- RECORD EXCERPTS -

Content starts

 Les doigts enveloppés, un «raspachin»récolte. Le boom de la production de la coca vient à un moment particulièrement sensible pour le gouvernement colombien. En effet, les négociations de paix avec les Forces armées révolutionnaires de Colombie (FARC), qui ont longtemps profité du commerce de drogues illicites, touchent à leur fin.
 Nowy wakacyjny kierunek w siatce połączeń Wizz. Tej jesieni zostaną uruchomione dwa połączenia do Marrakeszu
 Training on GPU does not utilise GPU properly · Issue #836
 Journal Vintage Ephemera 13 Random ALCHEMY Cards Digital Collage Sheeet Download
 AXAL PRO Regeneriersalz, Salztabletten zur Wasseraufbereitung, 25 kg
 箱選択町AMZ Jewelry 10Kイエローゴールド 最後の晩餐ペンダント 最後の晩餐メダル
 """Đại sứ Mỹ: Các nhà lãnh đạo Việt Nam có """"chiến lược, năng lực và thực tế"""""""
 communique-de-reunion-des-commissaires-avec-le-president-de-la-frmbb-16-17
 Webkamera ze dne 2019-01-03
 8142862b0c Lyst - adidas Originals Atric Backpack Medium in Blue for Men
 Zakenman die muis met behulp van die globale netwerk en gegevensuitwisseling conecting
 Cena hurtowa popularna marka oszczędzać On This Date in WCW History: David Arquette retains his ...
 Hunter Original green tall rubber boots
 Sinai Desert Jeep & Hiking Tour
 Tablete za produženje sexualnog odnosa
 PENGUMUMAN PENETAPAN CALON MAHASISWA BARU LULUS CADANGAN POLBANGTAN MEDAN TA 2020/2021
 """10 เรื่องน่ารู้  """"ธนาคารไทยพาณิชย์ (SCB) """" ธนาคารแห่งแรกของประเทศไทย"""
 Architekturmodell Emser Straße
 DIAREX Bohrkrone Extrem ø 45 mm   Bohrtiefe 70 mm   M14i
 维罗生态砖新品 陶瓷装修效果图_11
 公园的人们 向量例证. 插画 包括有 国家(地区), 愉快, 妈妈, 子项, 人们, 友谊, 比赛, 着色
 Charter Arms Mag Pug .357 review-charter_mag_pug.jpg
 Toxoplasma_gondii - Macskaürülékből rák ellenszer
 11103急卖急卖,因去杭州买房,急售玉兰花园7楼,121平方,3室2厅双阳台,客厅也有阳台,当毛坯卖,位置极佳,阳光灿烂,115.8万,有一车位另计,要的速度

Content ends

- PROBLEM DESCRIPTION -
The lines to reproduce run from the one containing "Toxoplasma_gondii - Macskaürülékből" to the last line of the listing; print them exactly, including both ends.

- SOLUTION TO THIS EXERCISE -
 Toxoplasma_gondii - Macskaürülékből rák ellenszer
 11103急卖急卖,因去杭州买房,急售玉兰花园7楼,121平方,3室2厅双阳台,客厅也有阳台,当毛坯卖,位置极佳,阳光灿烂,115.8万,有一车位另计,要的速度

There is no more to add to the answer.